Olive polyphenol hydroxytyrosol prevents bone loss

Polyphenols reportedly exert physiological effects against diseases such as cancer, arteriosclerosis, hyperlipidemia and osteoporosis. The present study was designed to evaluate the effects of oleuropein, hydroxytyrosol and tyrosol, the major polyphenols in olives, on bone formation using cultured osteoblasts and osteoclasts, and on bone loss in ovariectomized mice. No polyphenols markedly affected the proliferation of osteoblastic MC3T3-E1 cells at concentrations up to 10μM. Oleuropein and hydroxytyrosol at 10 to 100μM had no effect on the production of type I collagen and the activity of alkaline phosphatase in MC3T3-E1 cells, but stimulated the deposition of calcium in a dose-dependent manner. In contrast, oleuropein at 10 to 100μM and hydroxytyrosol at 50 to 100μM inhibited the formation of multinucleated osteoclasts in a dose-dependent manner. Furthermore, both compounds suppressed the bone loss of trabecular bone in femurs of ovariectomized mice (6-week-old BALB/c female mice), while hydroxytyrosol attenuated H(2)O(2) levels in MC3T3-E1 cells. Our findings indicate that the olive polyphenols oleuropein and hydroxytyrosol may have critical effects on the formation and maintenance of bone, and can be used as effective remedies in the treatment of osteoporosis symptoms.

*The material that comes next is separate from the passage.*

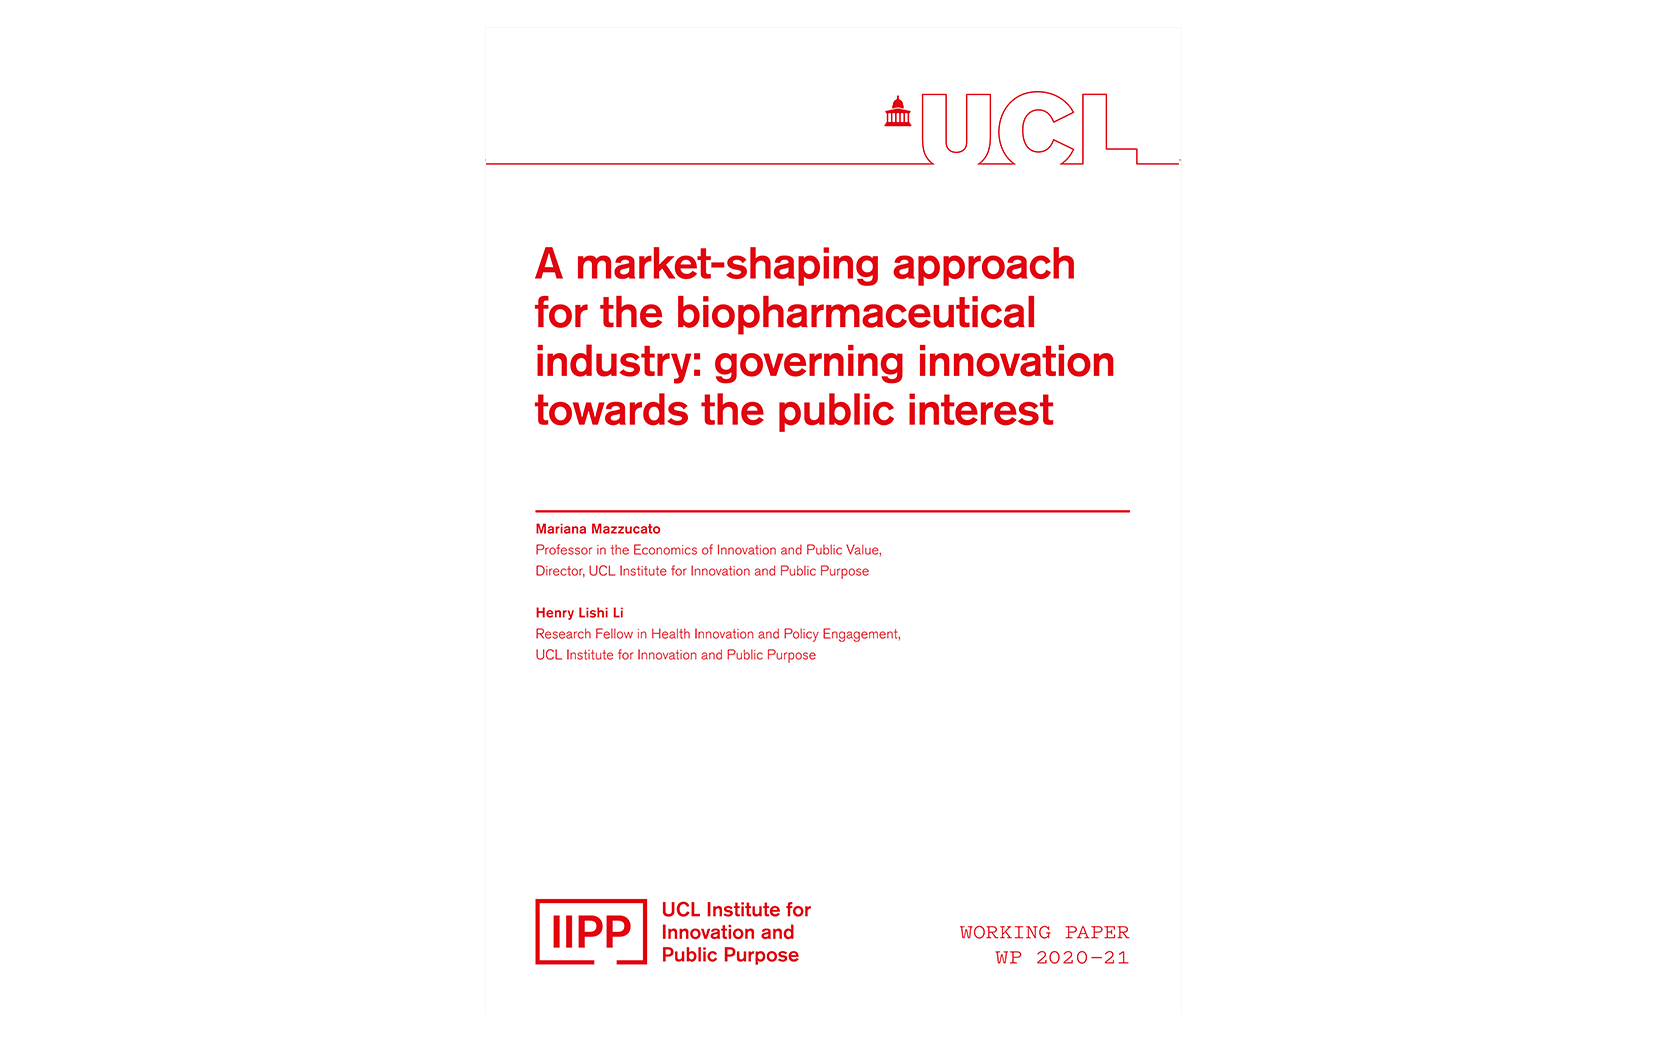 cover_final_iipp-wp2020-21-market-shaping_approach_for_the_biopharmaceutical_industry.png

Hydroxytyrosol reduces intracellular reactive oxygen species levels in vascular endothelial cells by upregulating catalase expression through the AMPK–FOXO3a pathway

Reactive oxygen species are critically involved in the endothelial dysfunction that contributes to atherosclerosis development. Hydroxytyrosol (HT), a main phenolic compound in olive oil and leaves from Olea europaea L., has antiatherogenic properties with powerful antioxidant activity. The present study verifies the antioxidant activity of HT on H2O2-induced intracellular reactive oxygen species in porcine pulmonary artery endothelial cells (VECs) and the involved molecular mechanisms. Incubation of VECs with HT prevented the increase in intracellular reactive oxygen species levels in the presence of H2O2. HT increased catalase mRNA, protein and activity. Catalase siRNA suppressed HT-dependent reduction of intracellular reactive oxygen species. HT increased both cytosolic and nuclear protein levels of forkhead transcription factor 3a (FOXO3a), as well as the phosphorylation of AMP-activated protein kinase (AMPK) that translocates FOXO3a to the nucleus. AMPK siRNA and a specific inhibitor suppressed HT-induced FOXO3a upregulation and catalase expression. Moreover, FOXO3a siRNA blocked HT-dependent increase in catalase expression. Taken together, our findings strongly demonstrate that HT positively regulates the antioxidant defense system in VECs by inducing the phosphorylation of AMPK with subsequent activation of FOXO3a and catalase expression, and provides a molecular basis for the prevention of cardiovascular diseases by HT.